>>>>
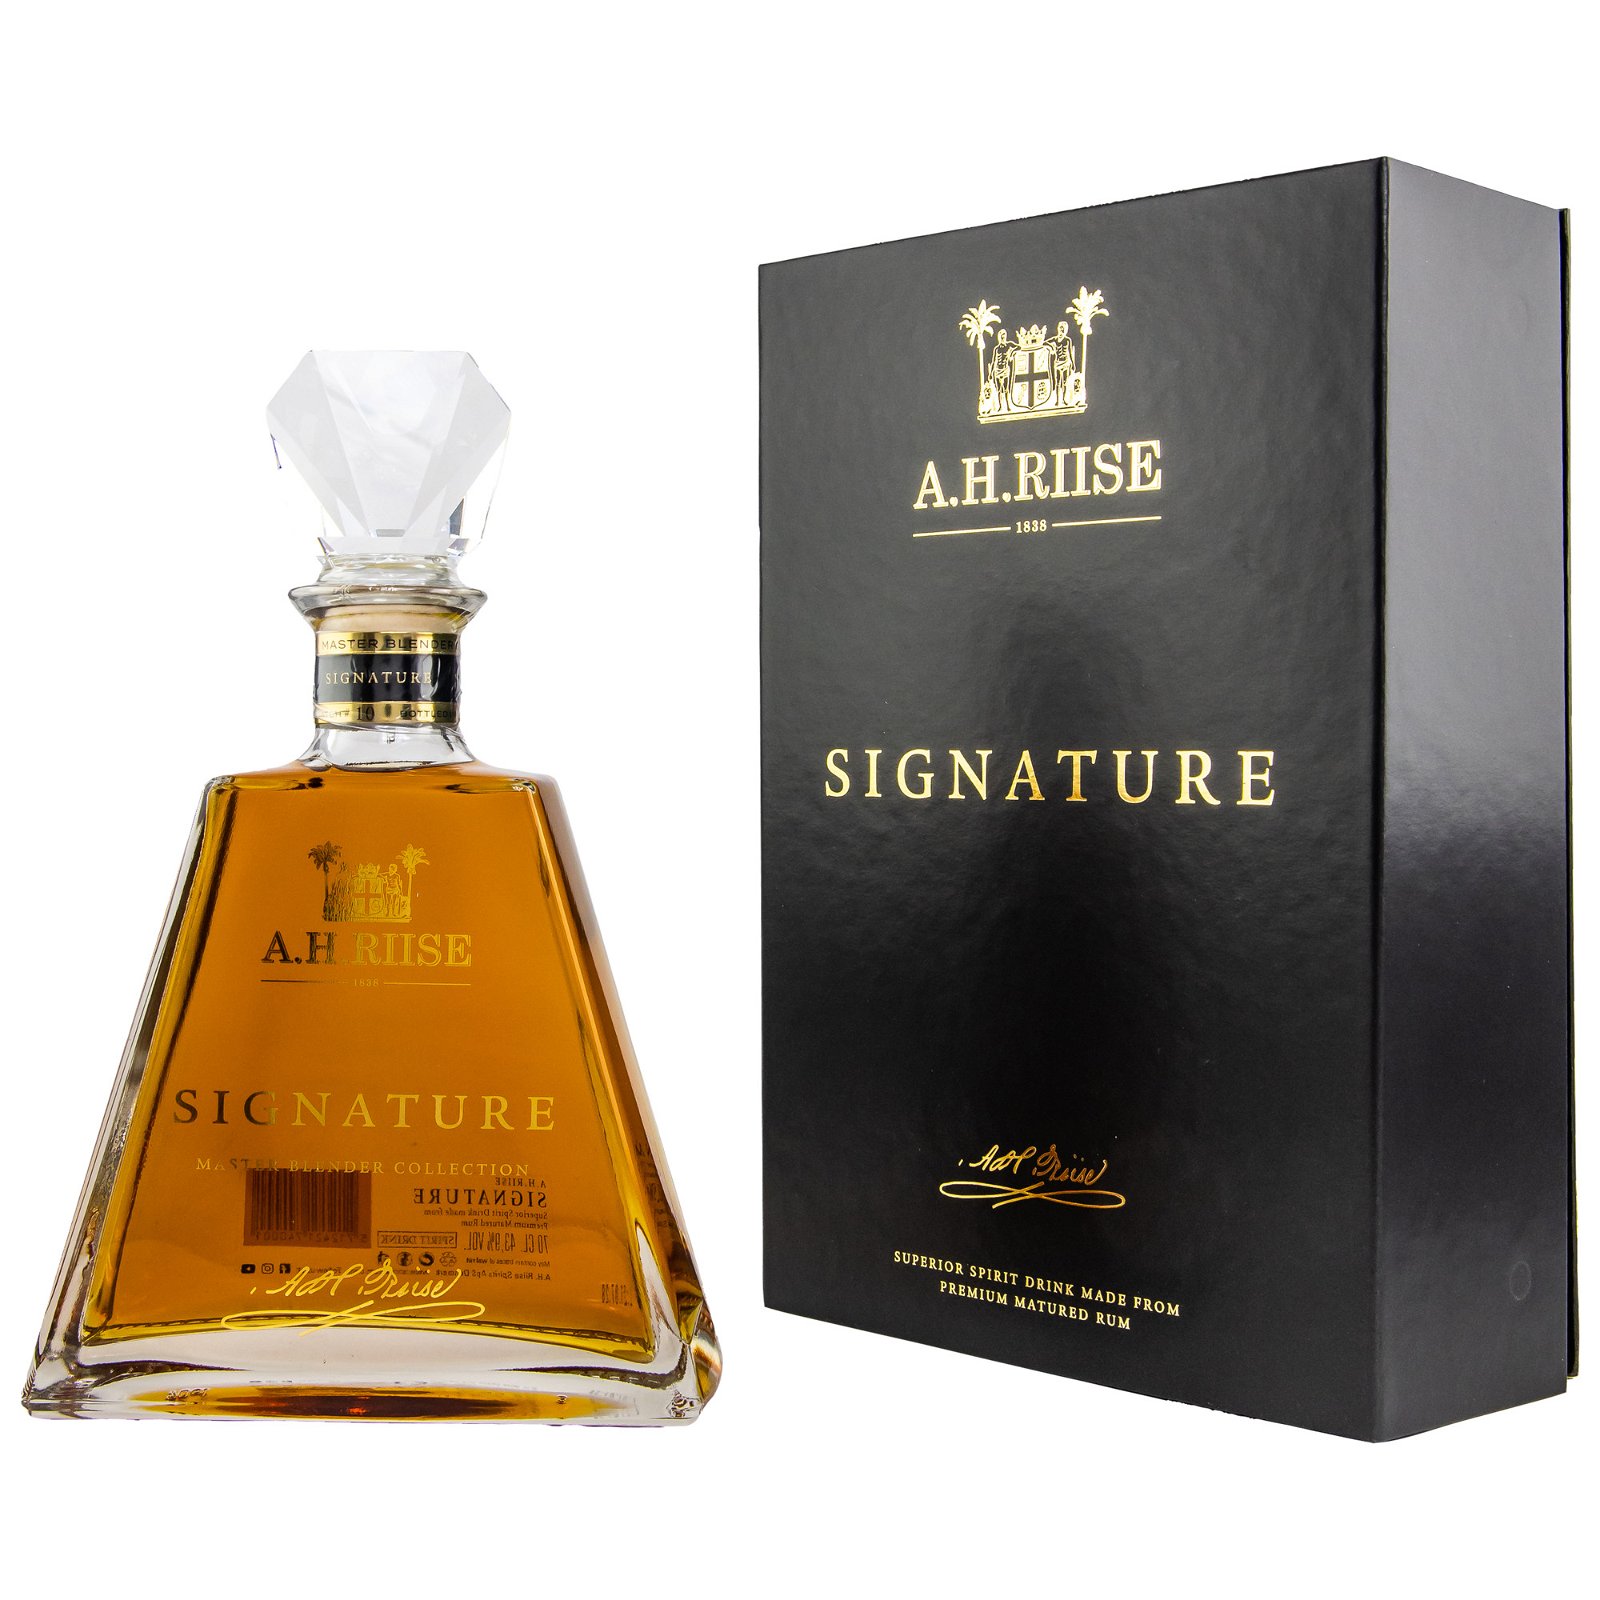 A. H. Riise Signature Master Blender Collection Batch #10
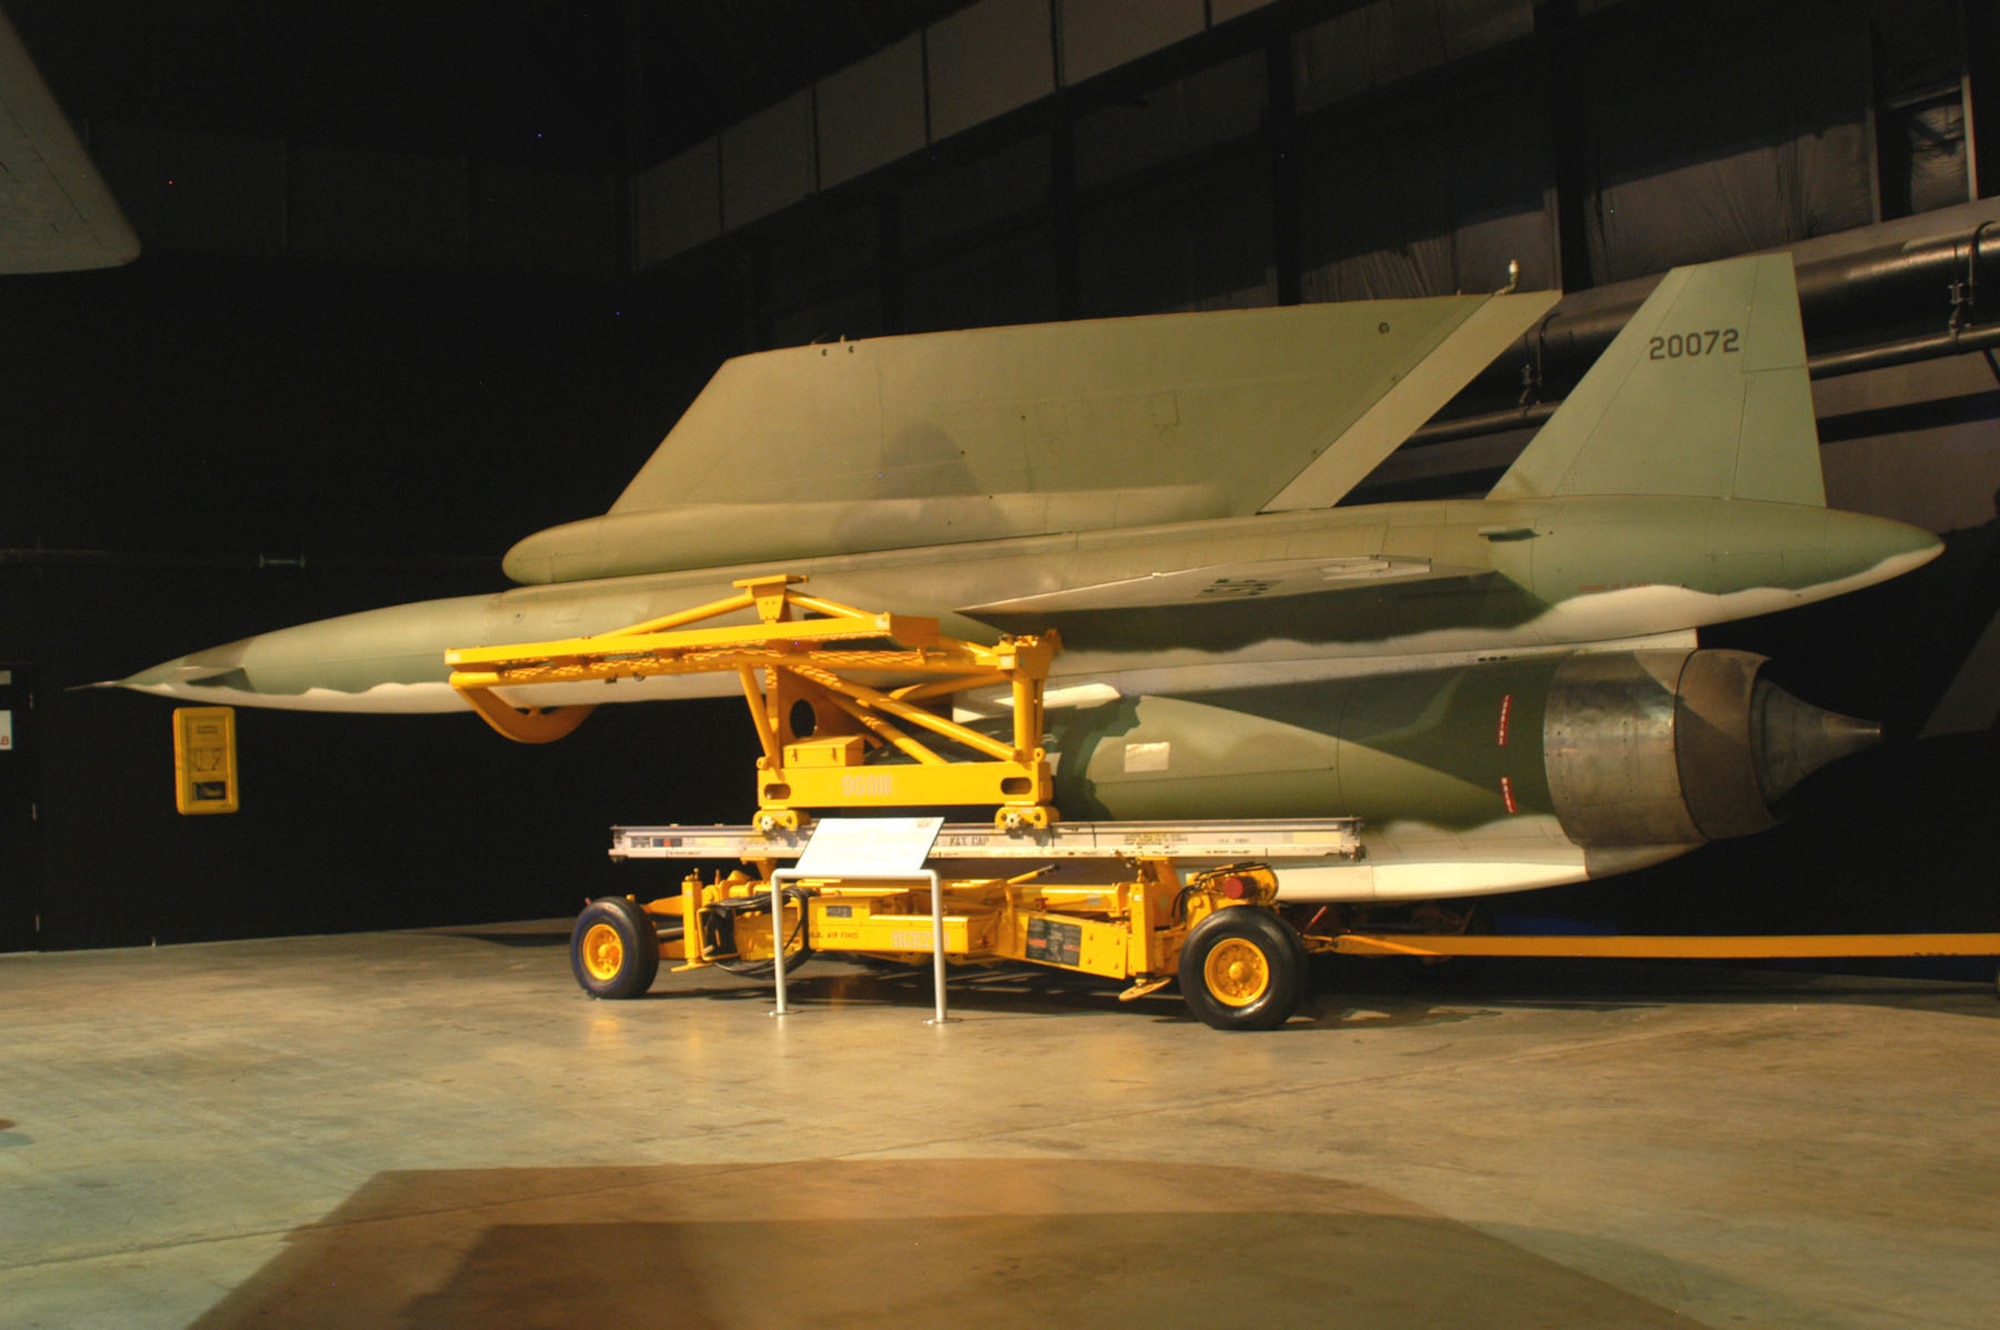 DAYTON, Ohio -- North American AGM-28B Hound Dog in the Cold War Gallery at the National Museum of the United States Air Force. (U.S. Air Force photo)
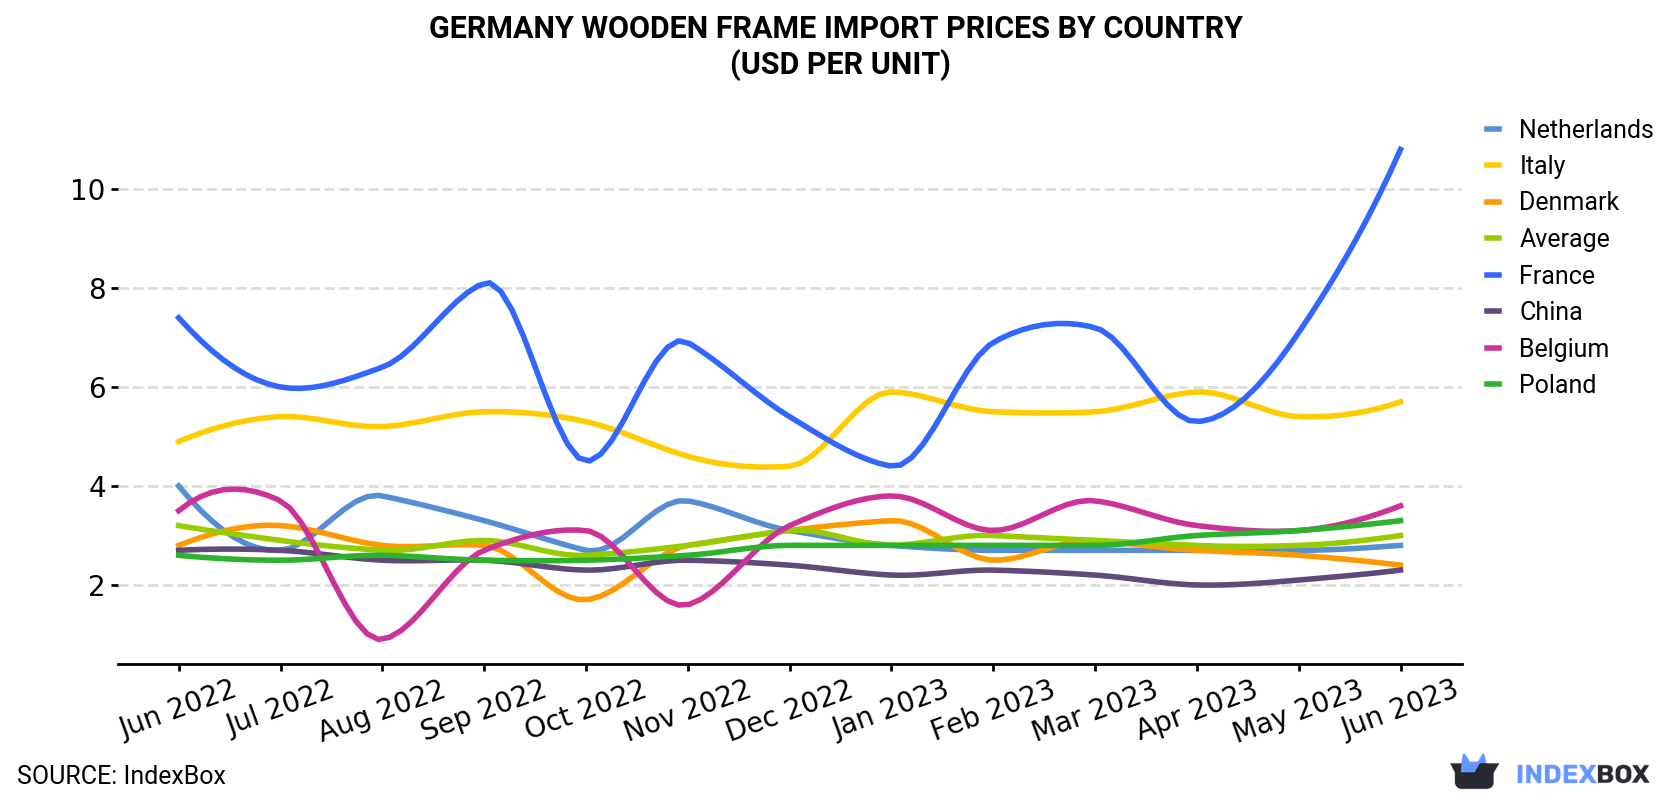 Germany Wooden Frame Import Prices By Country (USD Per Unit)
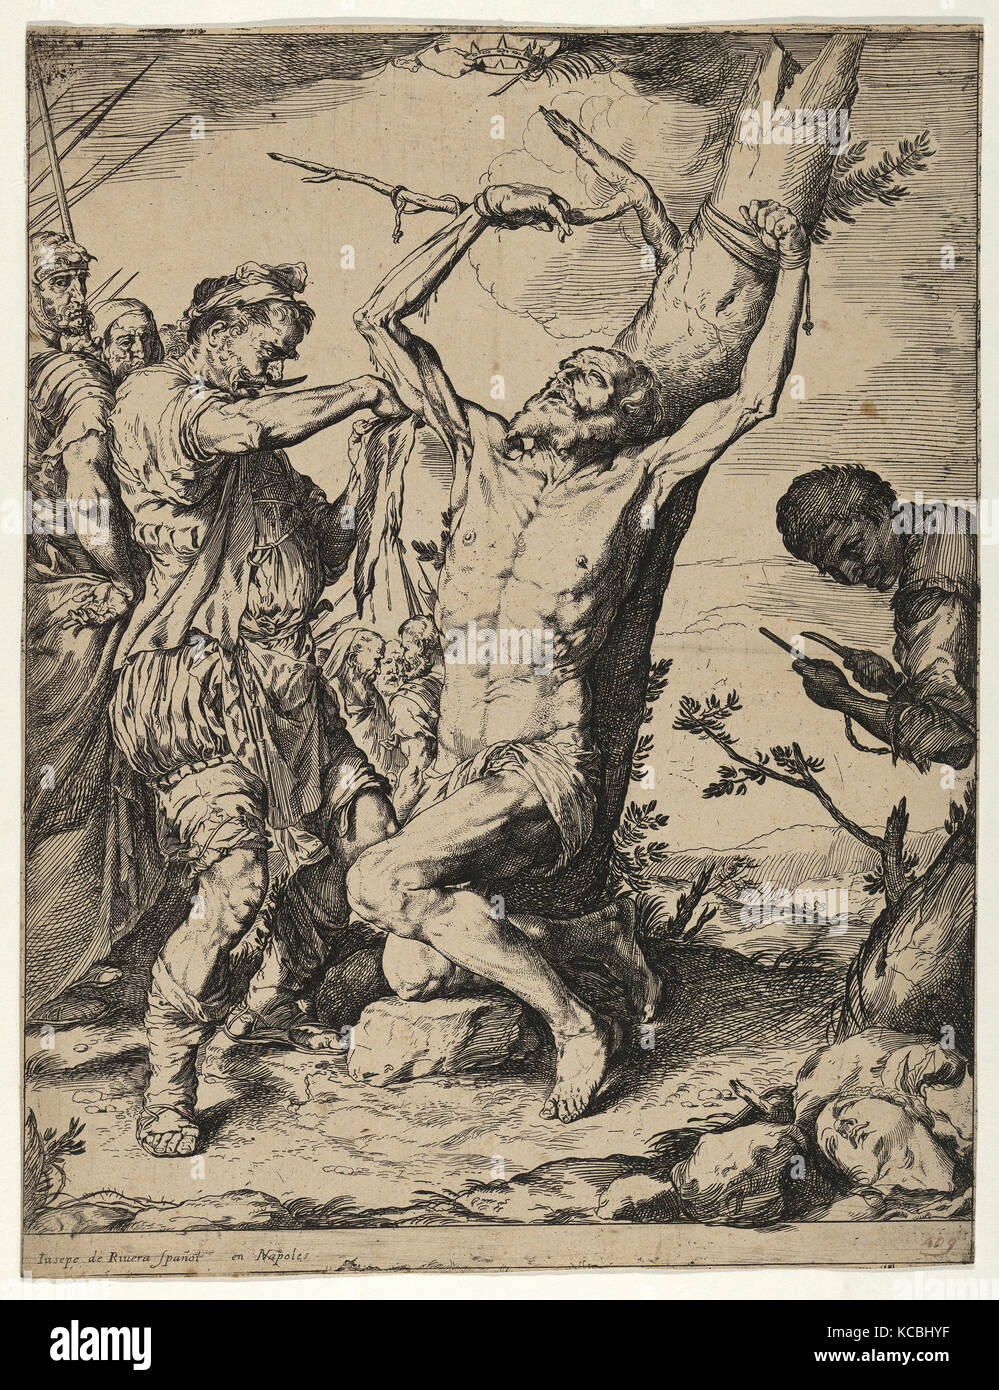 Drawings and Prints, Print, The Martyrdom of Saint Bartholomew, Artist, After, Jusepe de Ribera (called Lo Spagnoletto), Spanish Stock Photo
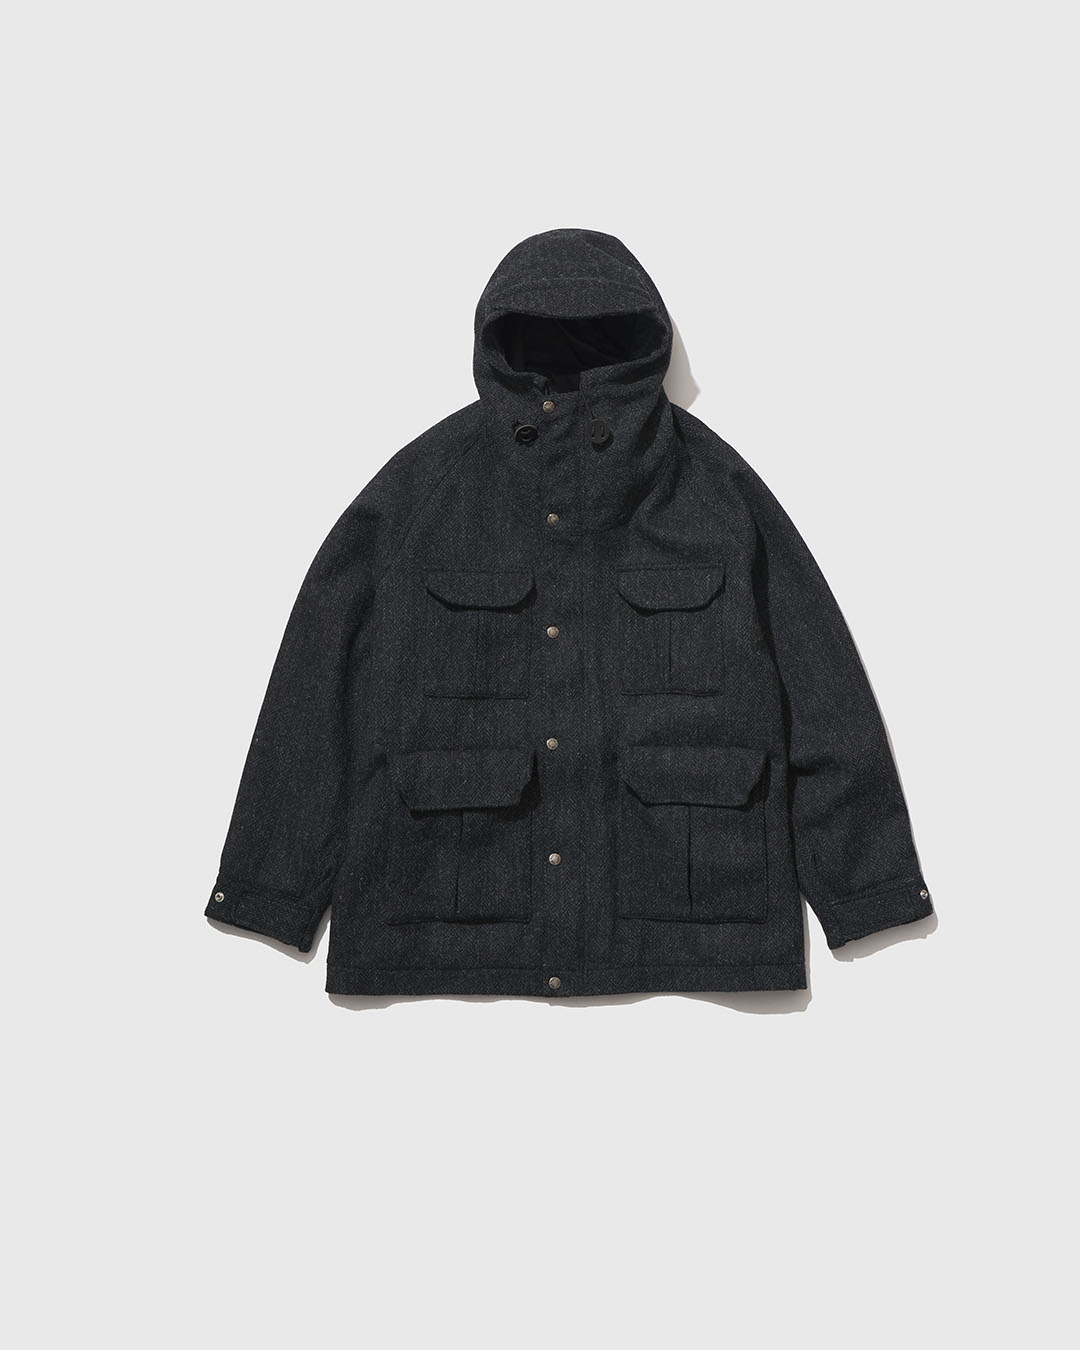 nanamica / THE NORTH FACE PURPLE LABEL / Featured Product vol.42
<<<<
What is expected
The data is to be printed again exactly, but without its pictures.

Answer to the problem
 A. H. Riise Signature Master Blender Collection Batch #10
 DAYTON, Ohio -- North American AGM-28B Hound Dog in the Cold War Gallery at the National Museum of the United States Air Force. (U.S. Air Force photo)
 Germany Wooden Frame Import Prices By Country (USD Per Unit)
 Drawings and Prints, Print, The Martyrdom of Saint Bartholomew, Artist, After, Jusepe de Ribera (called Lo Spagnoletto), Spanish Stock Photo
 nanamica / THE NORTH FACE PURPLE LABEL / Featured Product vol.42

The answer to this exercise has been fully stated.